If the rotors had been freely rotating, it'd have been extremely unlikely that the chopper would have bellied onto the pub roof quite as hard as it purportedly did.
 
I don't think so. It was years after the moorgate tube crash that they really started entertaining the possibility.

Yep.
As I said above, something seemingly innocuous leads someone to look a bit harder,
It should be said though, that of those people who attempt to take their own lives with/in a vehicle, only a statistically insignificant number of them tend to deliberately take others with them, and pilots have it inculcated into them to aim for the open ground, even when they're massively under stress.
 
Even with airflow, you can't flare the chopper if you can't alter the pitch of the rotors, so if the hydraulics went while you were pitched forward, and you were only 100 or 200 feet up, you'd come down fast.
Still wouldn't result in near-zero NR.

The only things I can think of apart from serious mechanical failure (main gearbox, tentatively ruled out) that would bring the rotors to a halt, intact, would be loss of power combined with (i) no attempt to reduce the collective or (ii) application of the rotor brake.

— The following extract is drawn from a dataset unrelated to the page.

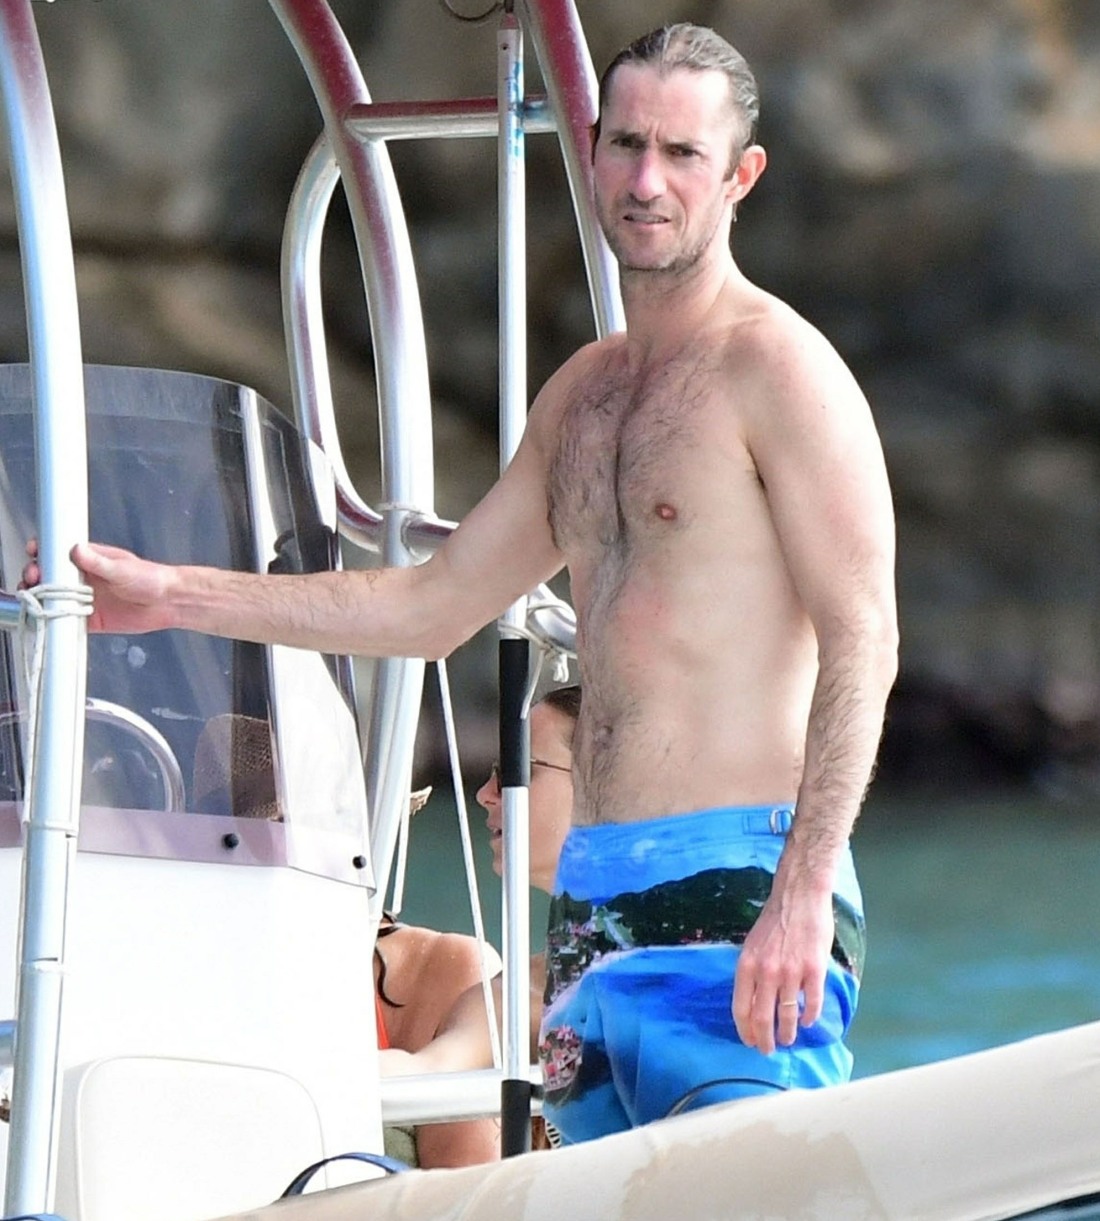 Pippa Middleton spends time with her family on holiday in St. Barts

The latter is not necessarily feasible. The former could manifest as a scenario like engine failure, shutting down the wrong engine and hoping to proceed rather than immediately autorotating. Pilot incapacitation would also explain it. Either way it's not a simple scenario.
 
Even with airflow, you can't flare the chopper if you can't alter the pitch of the rotors, so if the hydraulics went while you were pitched forward, and you were only 100 or 200 feet up, you'd come down fast.

Not with still blades though. And we're still looking at a mechanical failure.